Matt Linden can be reached at email@example.com
Grant Goerke’s picks
5. Brand New “Daisy” (Interscope)
If it ain’t broke, don’t fix it, right? Well, not for Brand New, a band that has consistently redefined itself album after album. Gone are the songs filled with pop sensibilities and teenage lyrics that marked the band’s beginnings. Instead, “Daisy,” the group’s first new release in three years, features a refreshing variety of lyrical themes, instrumentation and genres. While most bands fight to find one style that works, Brand New has managed to define itself by never staying the same.
4. Russian Circles “Geneva” (Sargent House)
In today’s booming world of post-rock and instrumental music, standing out has become an almost insuperable task. However, the Chicago three-piece Russian Circles has mastered it. “Geneva” further displays the band’s extraordinary talent in writing influential songs without falling back on vocals. Every song on this album adds a different part to the overall experience, including huge build ups, impressive guitar work and more atmospheric elements.
3. Mastodon “Crack the Skye” (Reprise)
Mastodon’s “Crack the Skye” took progressive metal to an epic level that was unheard of before even on the band’s previous concept albums. Clocking in at a total length of 50 minutes, “Crack the Skye” displays remarkable songwriting. Each of the seven tracks offers fans the guitar solos and gargantuan vocals they have come to love, but the album’s ability to build off the band’s far out lyrics and themes makes it a truly a standout effort.
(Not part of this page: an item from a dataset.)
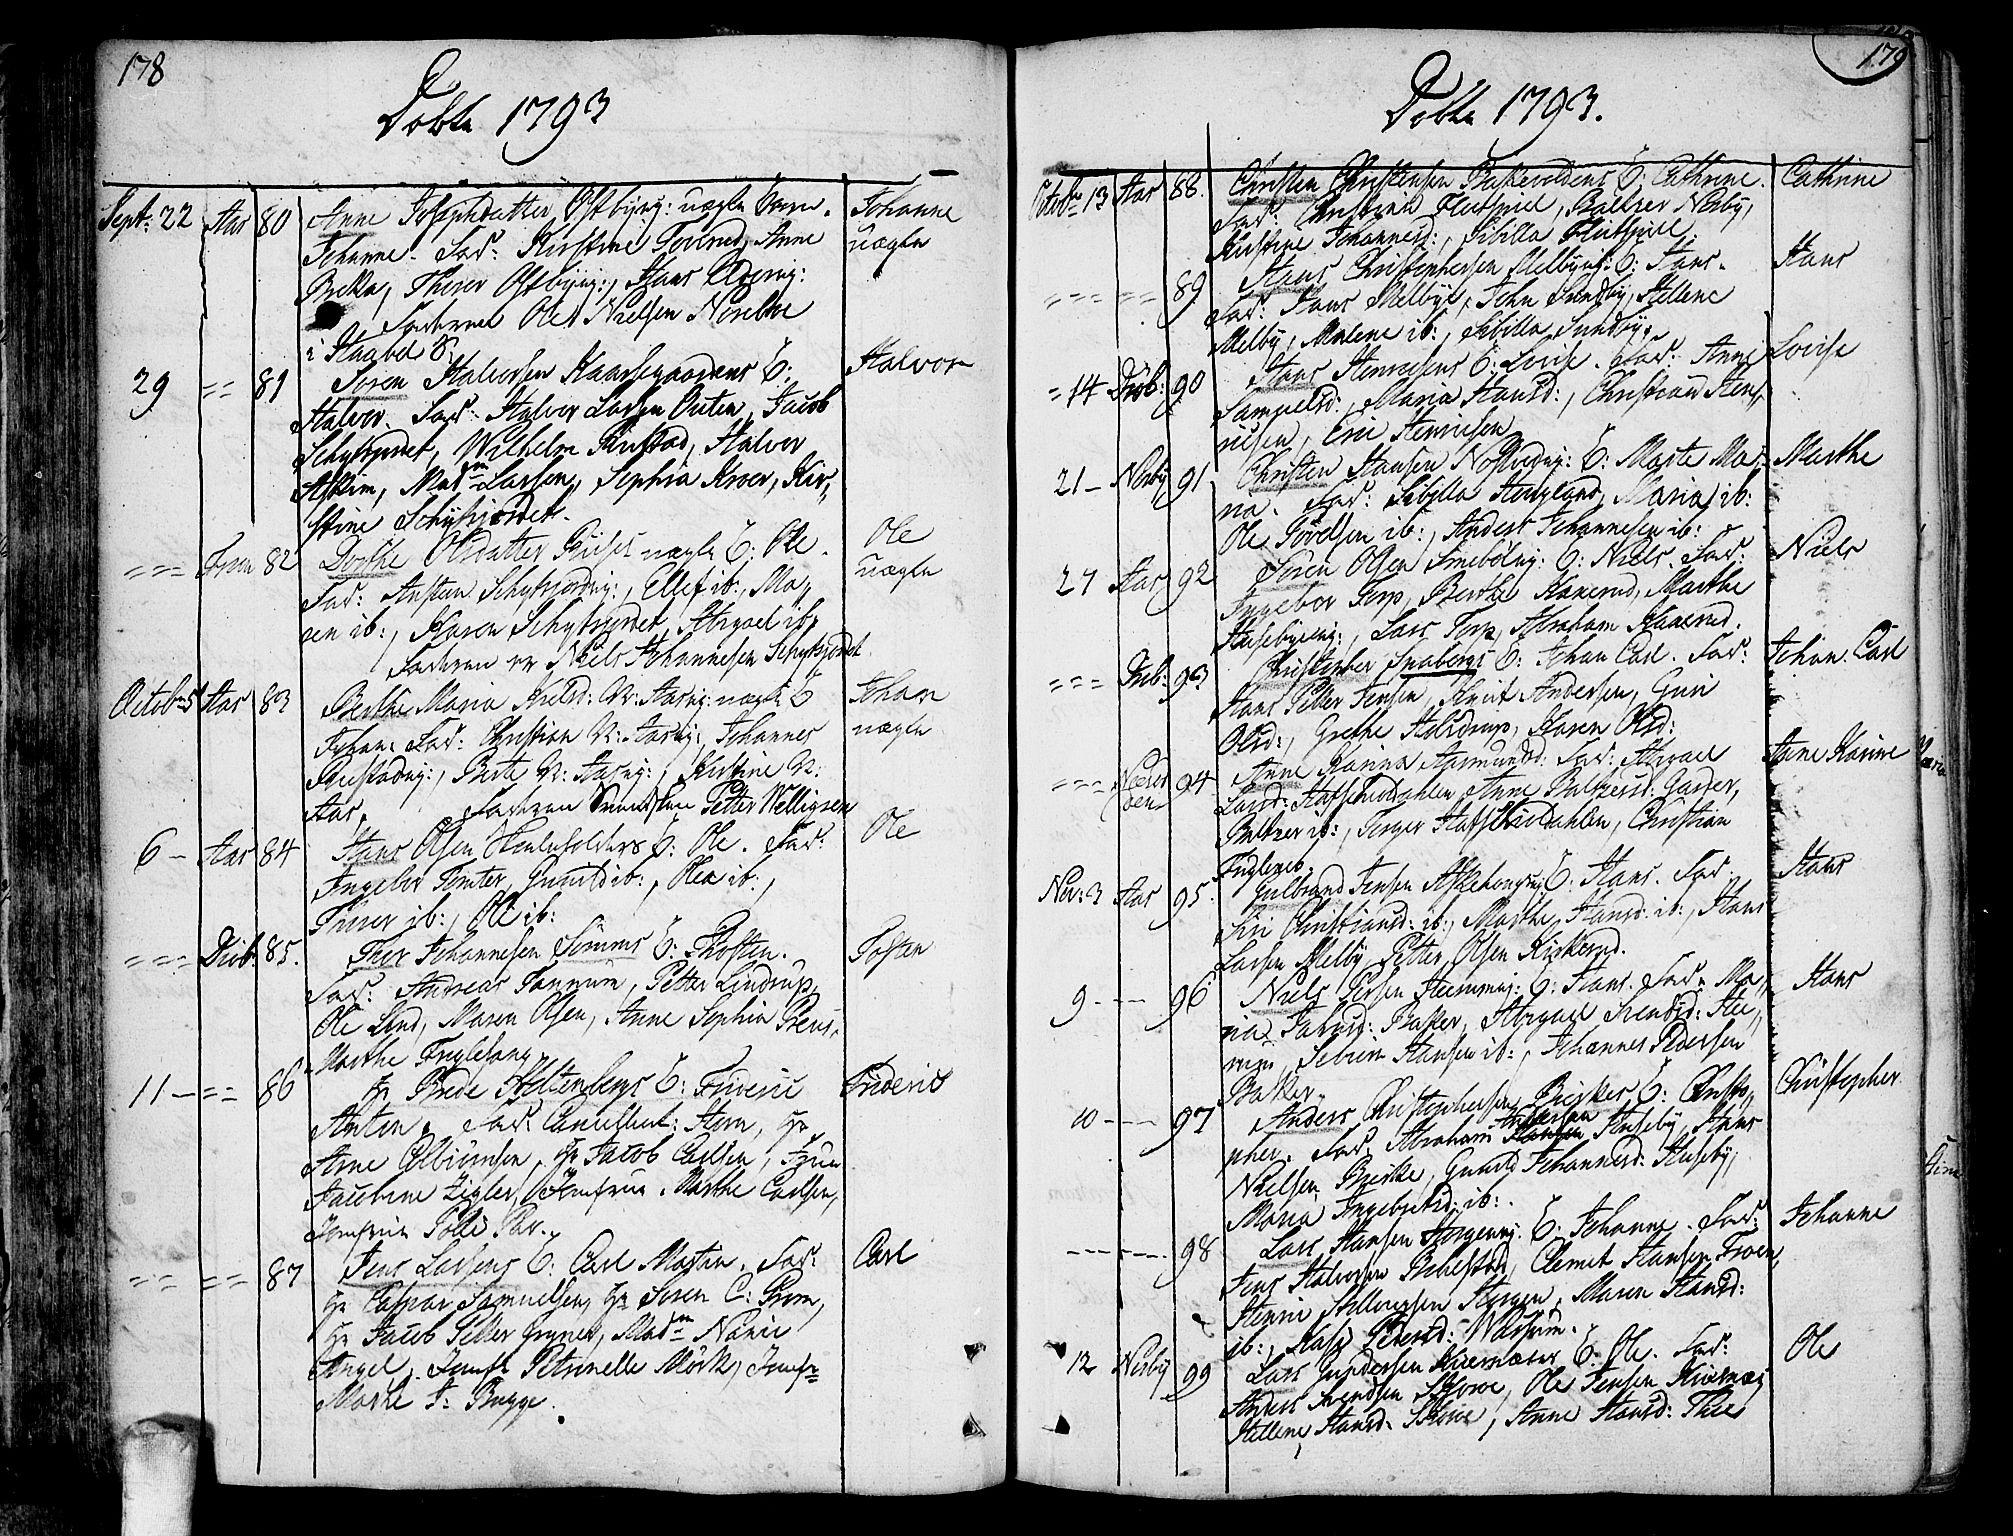 SAO, Ås prestekontor Kirkebøker, F/Fa/L0002: Ministerialbok nr. I 2, 1778-1813, s. 178-179

2. Converge “Axe to Fall” (Epitath/Deathwish, Inc.)
With 16 releases under its belt, Converge has served as the godfather of aggressive music for nearly two decades. And in 2009, the band dropped yet another metal masterpiece with “Axe to Fall.” Filled with sinister guitar parts and ultra-abrasive drum fills, the album absolutely rips from start to finish. Thanks also to a number of notable guest appearances, “Axe to Fall” takes Converge to even higher levels of prestige than ever before.
1. This Town Needs Guns “Animals” (Sargent House)
Released in the United States on March 10, This Town Needs Guns’ “Animals” showcased a near-perfect blend of incredible musicianship and emotionally powered vocals. Throughout “Animals,” the Oxford-based indie rockers pack each track with twisting riffs and delightfully playful rhythms to create an unforgettable ride. And they did it all without once turning on a distortion pedal—a move unheard of in today’s effects-driven music scenes.